На восьмом году жизни осенью я как-то утром проснулся с болью в животе. И очень обрадовался, что можно не идти в школу. У меня была новая книжка про Фрэнка Бака, кстати реально существовавшего. Фрэнк Бак ездил в Африку и Азию и ловил там крупную дичь; он не убивал животных, а грузил их на корабль и сдавал в цирки и зоопарки. С животными он обращался по-доброму, и мне это нравилось. А приключений у него каких только не бывало.
Эта болезнь ни на какие теоретизирования меня не натолкнула. Вообще не показалась мне существенной. Проявляя ту же самоуверенность, с которой обращался со смертью, я считал себя большим знатоком болезней, во всяком случае того, как они во мне проявлялись. Мне уже знакомы были всякие простуды, гриппы, ушные боли. Я знал их характеры, знал, как они могут себя повести и чем от них будут лечить. В отличие от матери мне они страха не внушали. Втайне я научился ловко избегать самых неприятных способов лечения. Взять хотя бы горчичники на грудь от простуды: как только их на меня налепляли и мать выходила из комнаты, я всовывал полотенце между кожей и бурой оберточной бумагой, смазанной вязкой английской горчицей. Потом натягивал до подбородка одеяло, чтобы не нюхать едкие испарения этой мерзкой, ненавистной гадости. Услышав, что мать возвращается, я вынимал полотенце и терпел жжение все то время, пока она не уйдет опять.

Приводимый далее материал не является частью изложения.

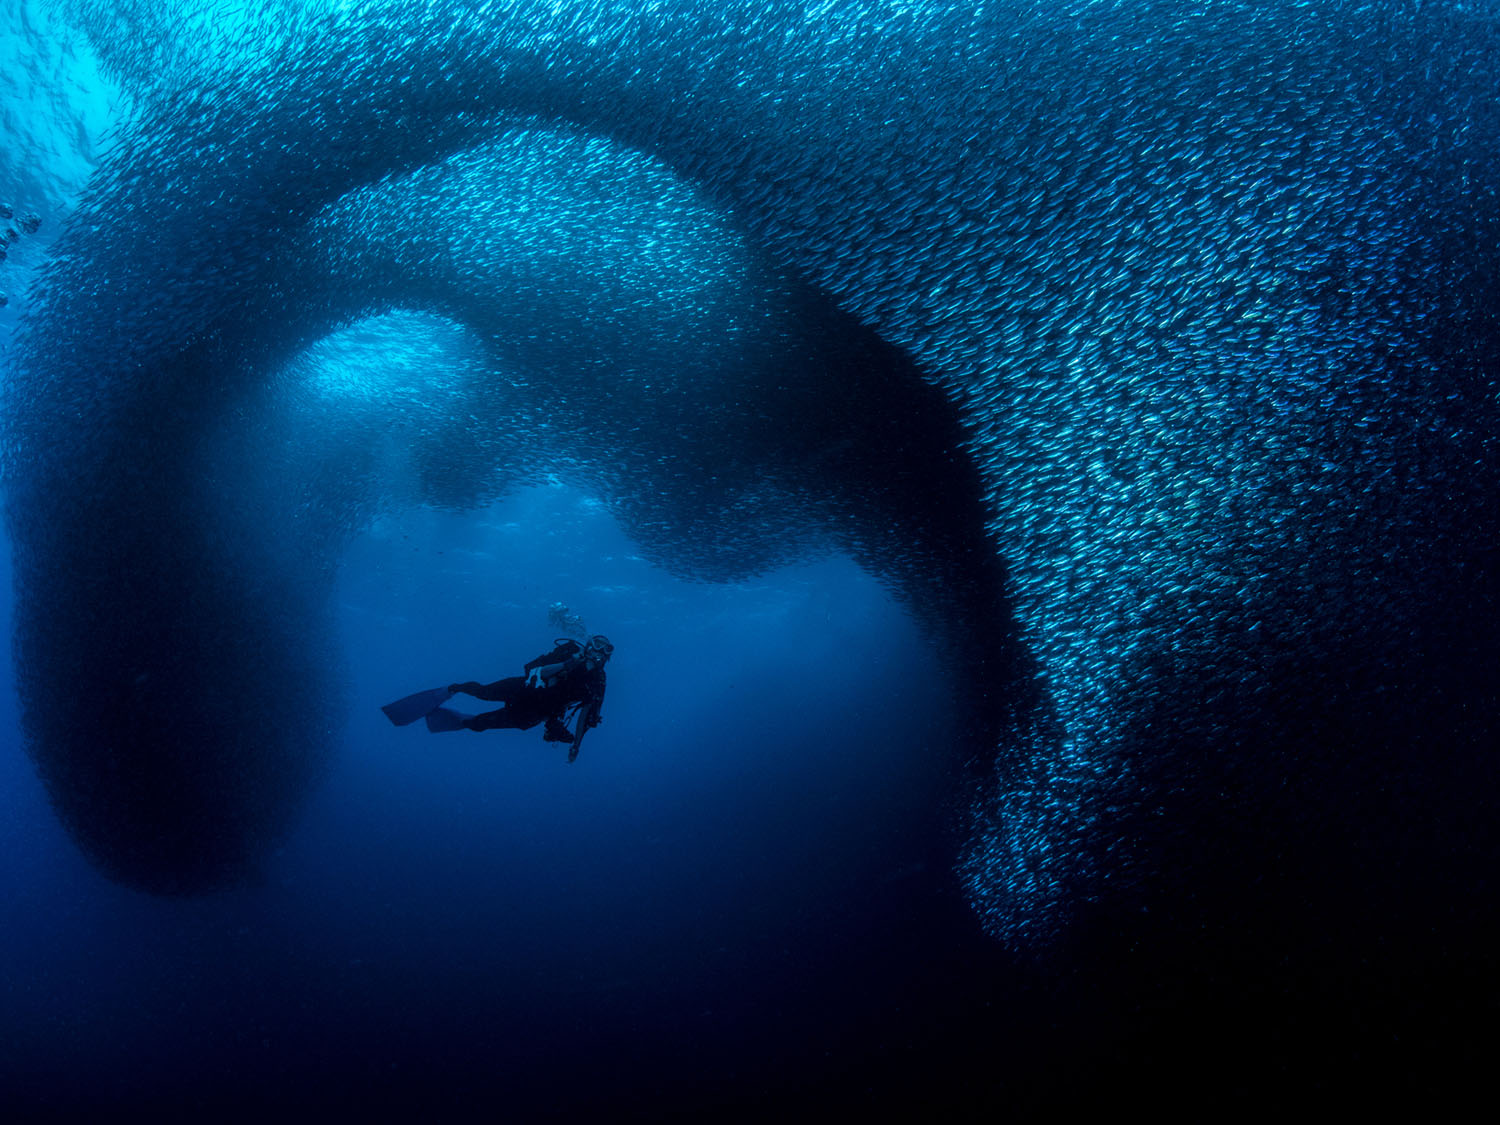 underwater ocean pictures

На этот раз у меня был небольшой жар, особых неудобств не создававший. Ну, есть не хотелось, а так, в общем, ничего. Терпимо. Но на другой день слабая ноющая боль не прошла, и я пролежал в постели дольше, что не укрылось от матери. Под вечер пришел доктор Гросс и осмотрел меня. Как обычно, он принес мне в подарок несколько палочек для прижатия языка. Он пощупал мне живот, заглянул в горло и в уши, задевая меня своим свисающим на жилетной цепочке жетоном.
— Что ж, — произнес он добродушно рокочущим голосом, — похоже, ничего страшного. Подождем еще денек-другой и поглядим, что будет.